Он нарочито расхохотался, и мне пришлось с величайшим неудовольствием созерцать огрызки испорченных зубов у него во рту. Потом визгливым голосом несколько раз повторил ту же цифру и наконец заявил:

– Ты с ума сошел.

– Названную цифру я считаю вашим первым словом после последнего, сказанного ранее. Но вам и ее придется пересмотреть.

– Послушай-ка, малец, это ведь первая сделка, которую ты заключаешь.

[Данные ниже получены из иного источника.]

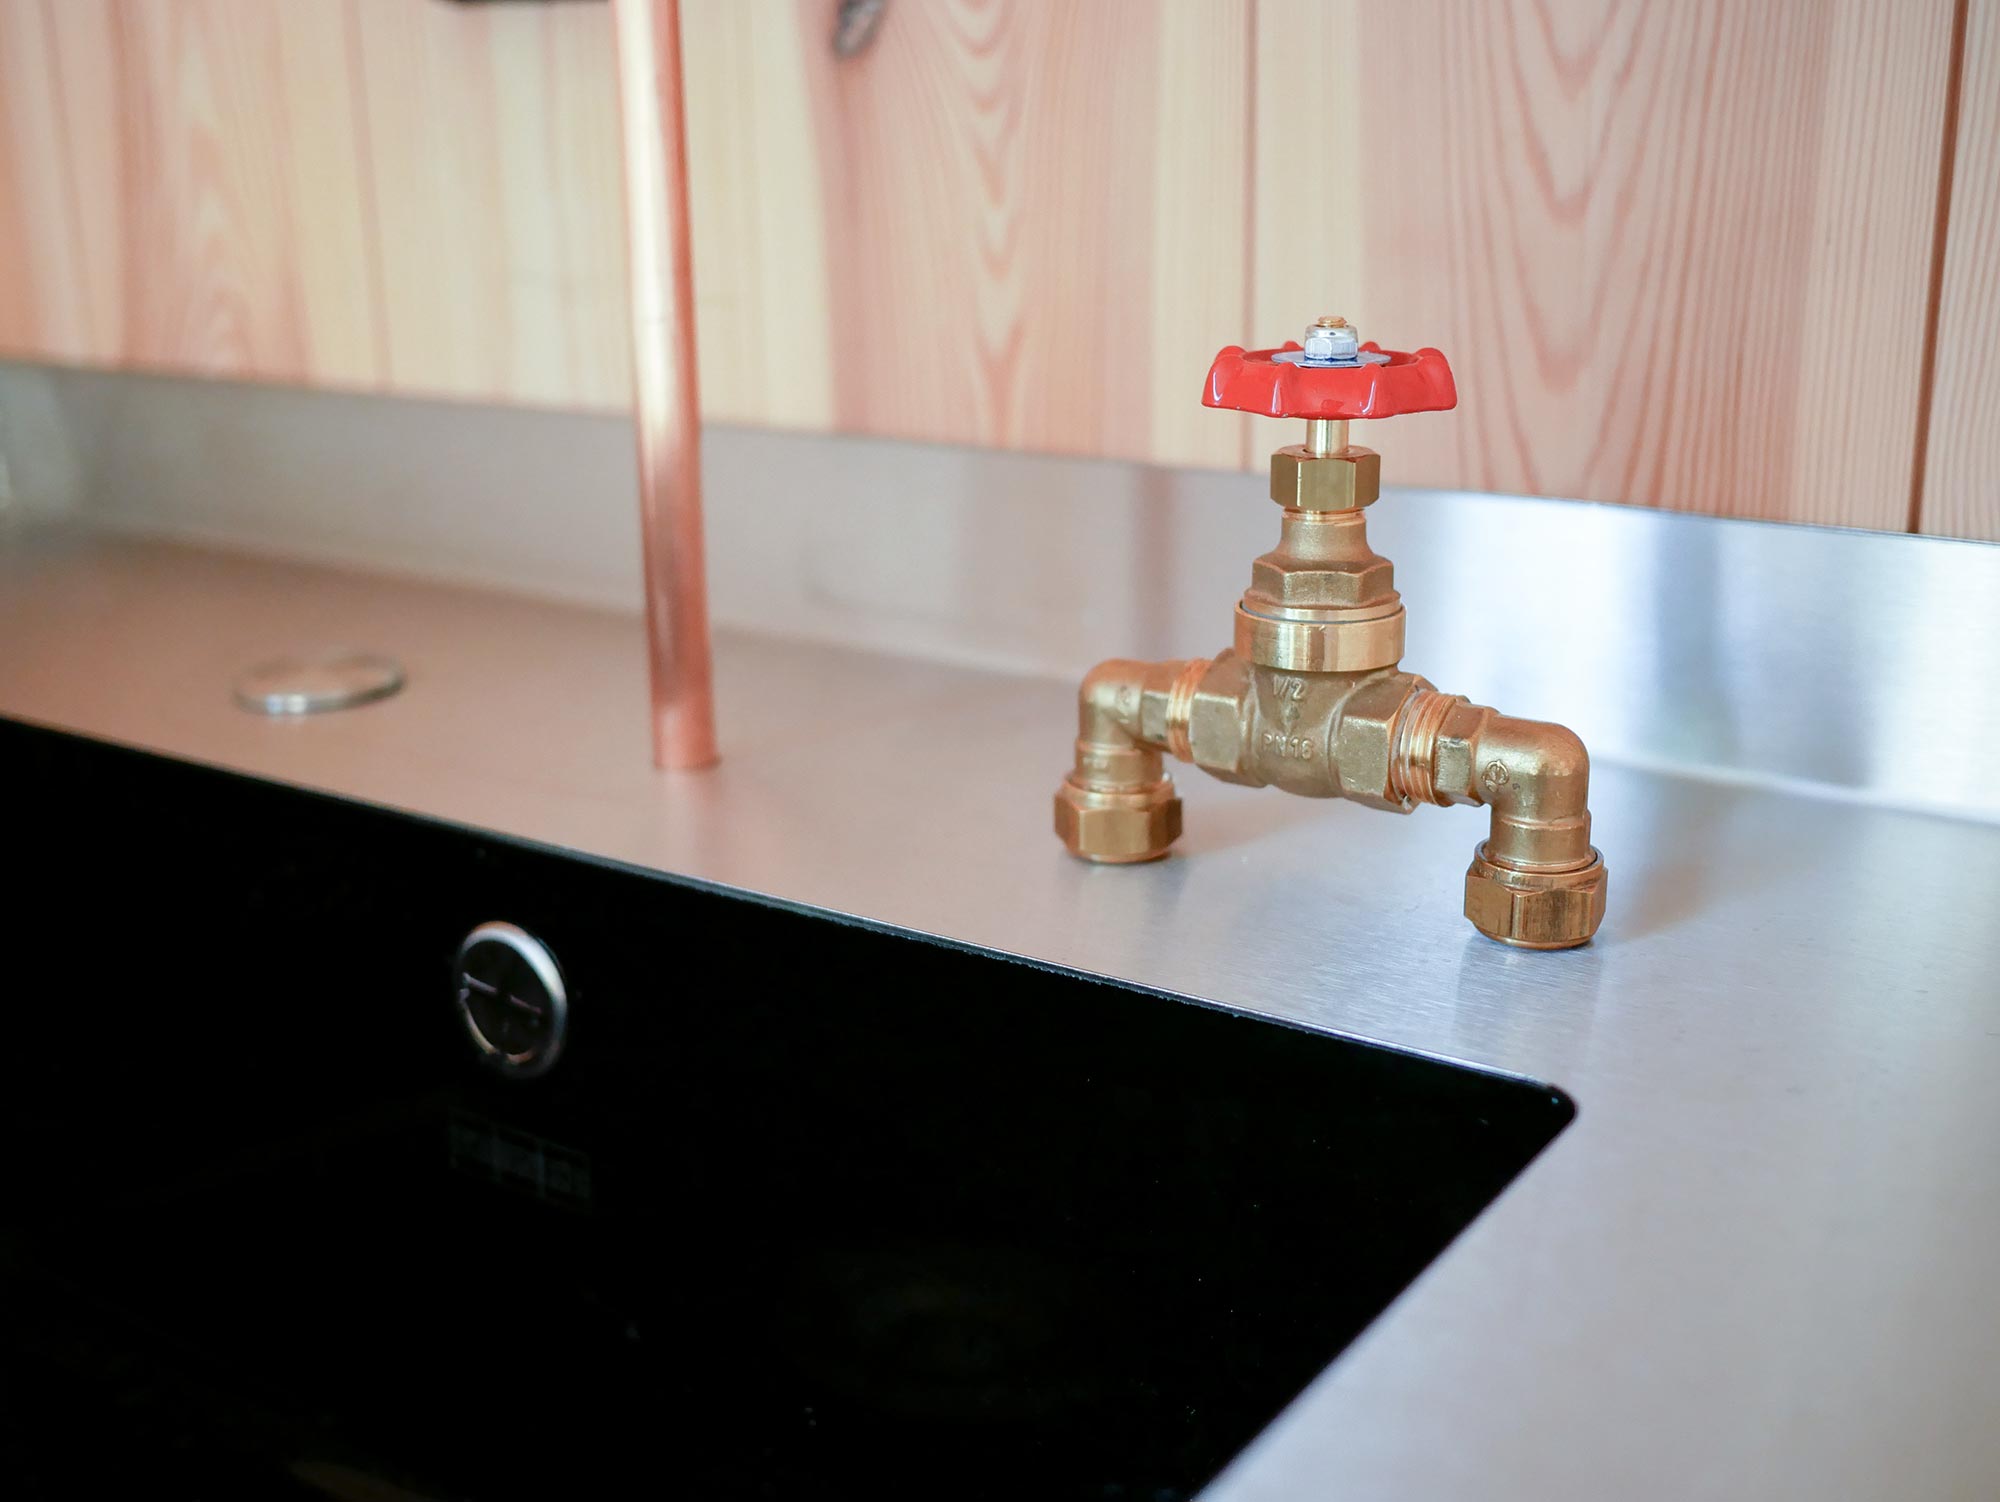 meuble lavabo inox, robinet cuivre avec vanne de plomberie, sapin rouge

– Ну, и что с того? – отвечал я. – Отнеситесь с уважением к дебюту нового таланта! Не отталкивайте его от себя нелепой скаредностью, а, напротив, постарайтесь привлечь его широтой, подумайте о том, сколько раз еще он сможет быть вам полезен, этот человек, которого вы отсылаете к другим скупщикам, более прозорливым.

Он смотрел на меня, опешив, и, без сомнения, взвешивал в своем закоснелом сердце слова, которые я сказал ему. Я поспешил воспользоваться минутой и добавил:

– Какой нам смысл, господин Жан-Пьер, спорить и заниматься торгом и переторжкой. Надо набраться терпения и оценить эту коллекцию в целом.

– Что ж, я не прочь, – ответил он. – Давайте произведем подсчет.

Но тут я допустил грубейшую ошибку. Разумеется, при оптовой цене я бы тоже никогда не выторговал у него девяти тысяч франков, но борьба за оценку каждой вещи в отдельности, которая началась, покуда мы сидели за столом и часовщик записывал в блокнот свои гнусные расчеты, принудила меня к излишней уступчивости. Продолжалась эта история долго, не менее сорока пяти минут. Меж тем в лавке зазвенел колокольчик, и Жан-Пьер пошел отворять, шепотом приказав мне:

– Сиди и не дыши!

Он скоро пришел обратно, и торг продолжался. Цену за бриллиантовую цепочку я довел до двух тысяч франков, но если это и была победа, то, безусловно, единственная. Тщетно призывал я небеса в свидетели удивительной красоты топазового ожерелья, ценности сапфира, украшавшего собой аграф, белой жемчужины из браслета, рубина и дымчатого жемчуга. За кольца мы сошлись на полутора тысячах. Все остальное, исключая цепочки, после долгой борьбы было оценено не ниже пятидесяти и не выше трехсот франков. Общая сумма составила четыре тысячи четыреста пятьдесят франков, и этот мошенник еще ужасался и уверял, что теперь пойдет по миру он и вся его семья. Вдобавок он еще объявил, что если так, то серебряные часы, которые я покупаю, будут стоить не двадцать пять, а пятьдесят франков, то есть столько, сколько он собирался заплатить за прелестную брошку-корзиночку. По такому счету мне причиталось четыре тысячи четыреста франков. «А Станко? » – подумал я. Мой доход был обременен большим долгом. И тем не менее мне оставалось только произнести свое «entendu»[51]. Жан-Пьер отпер железный сейф, под моим скорбным прощальным взглядом упрятал туда свою добычу и выложил на стол кредитные билеты – четыре тысячных и четыре сотенных.

Я покачал головой.

– Не будете ли вы добры дать мне купюры помельче, – сказал я, пододвигая к нему тысячные кредитки.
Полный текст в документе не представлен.